You don’t need an MBA to know there are two basic ways to increase your profits: increase revenues or reduce costs. The smartest businesses implement marketing strategies and cost-cutting measures that do both, but far too many obsess so much over increased sales that they forget about the importance of trimming the fat, and end up actually reducing profits.
Profits Alone Can Be Deceiving
Anyone who’s taken a basic business course knows how to calculate profits. You add up total revenues and subtract total costs, and whatever’s left is your profit. But profit as a measure of business success can be deceiving. For example, Company A spends R900,000 to sell R1 million in products and services, generating R100,000 in profits. Company B spends R400,000 to generate R500,000. The two companies generate the same profit (R100,000), but are they equally profitable?
The simple answer is no. The more a company spends to generate a designated profit, the more vulnerable it is to minor cost shifts, which could quickly put it out of business. Let’s say Company A above spends R200,000 in health insurance costs, and those costs increase by 10 percent. That increases insurance costs by R20,000, reducing profits to R80,000. Company B spends R100,000 in health insurance costs. The 10 percent increase cuts into the bottom line by just R10,000, and profits drop to R90,000. Company B is now making R10,000 more in profit than Company A.
Profit Margins Provide a More Realistic Perspective
It’s important for businesses to track not only profit, but also profit margin. While profits are measured in dollars, the profit margin is measured as a percentage, or ratio, specifically, the ratio between net income (profit) and total sales.
Continuing the example above, Company A has R100,000 in net revenue and generates R1 million in total sales, so its profit margin is 100,000/1,000,000 or 10 percent. Company B also generates R100,000 in net revenue, but its total sales are R500,000, making the profit margin 20% (100,000/500,000). The two companies have the same amount of profit, but Company B is twice as profitable as Company A.
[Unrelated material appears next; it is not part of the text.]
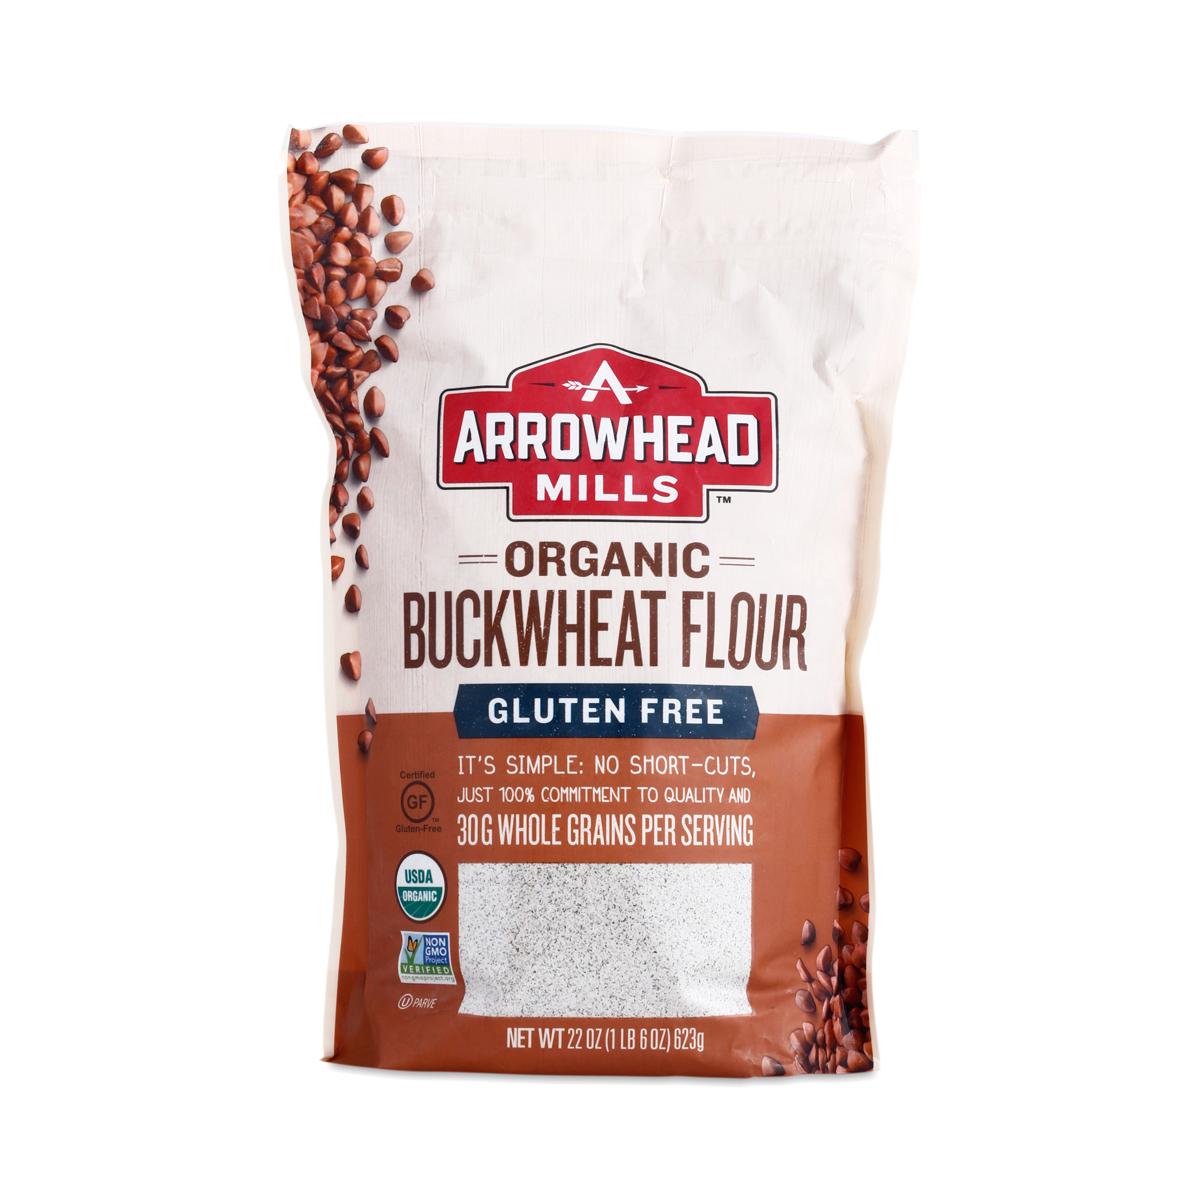 Gluten Free & Organic Buckwheat Flour by Arrowhead Mills

How to Increase Profit Margin
Because profit margin more accurately reflects long-term profitability and a business’s vulnerability to sudden increases in fixed costs (such as insurance, office expenses and taxes), it’s important to track profit margin and implement strategies, which keep it as high as possible.
There are basically two ways to increase a company’s profit margin. First, you can increase the price you charge for your products and services, but this must be done only after a careful analysis of the impact of those increased prices on consumer behavior and total sales. The second and much safer approach is to control costs.
The Importance of Cutting Costs
A minor decrease in costs will improve your profit margin more than a comparable increase in total sales. Company B in the scenario above spends R900,000 to generate R1 million in sales, giving it a profit of R100,000 and a profit margin of 10 percent. If the company increases sales by R50,000 (say, by increasing either pricing or customer base) but don’t decrease costs, its profit increases to R150,000, and the profit margin increases to 150,000/950,000, or 15.8 percent.
If it instead kept sales constant, but reduced cost by the same amount (R50,000), profits once again move to R150,000, but the profit margin now increases to 150,000/900,000, or 16.7 percent. Cutting costs has made Company B more profitable, and less vulnerable, than increasing sales, and it’s generally easier and less risky to reduce costs than to increase sales.
No single strategy is likely to increase a company’s profitability or prospects for long-term success. The most successful companies carefully analyze consumer behavior to determine the best price to charge for products, while simultaneously researching a range of fixed cost-cutting strategies, ranging from outsourcing non-critical job functions to downsizing to carefully researching health care options for their employees. A comprehensive analysis of both price and prudent cost-cutting measures has the greatest chance of increasing a company’s profitability and persistence.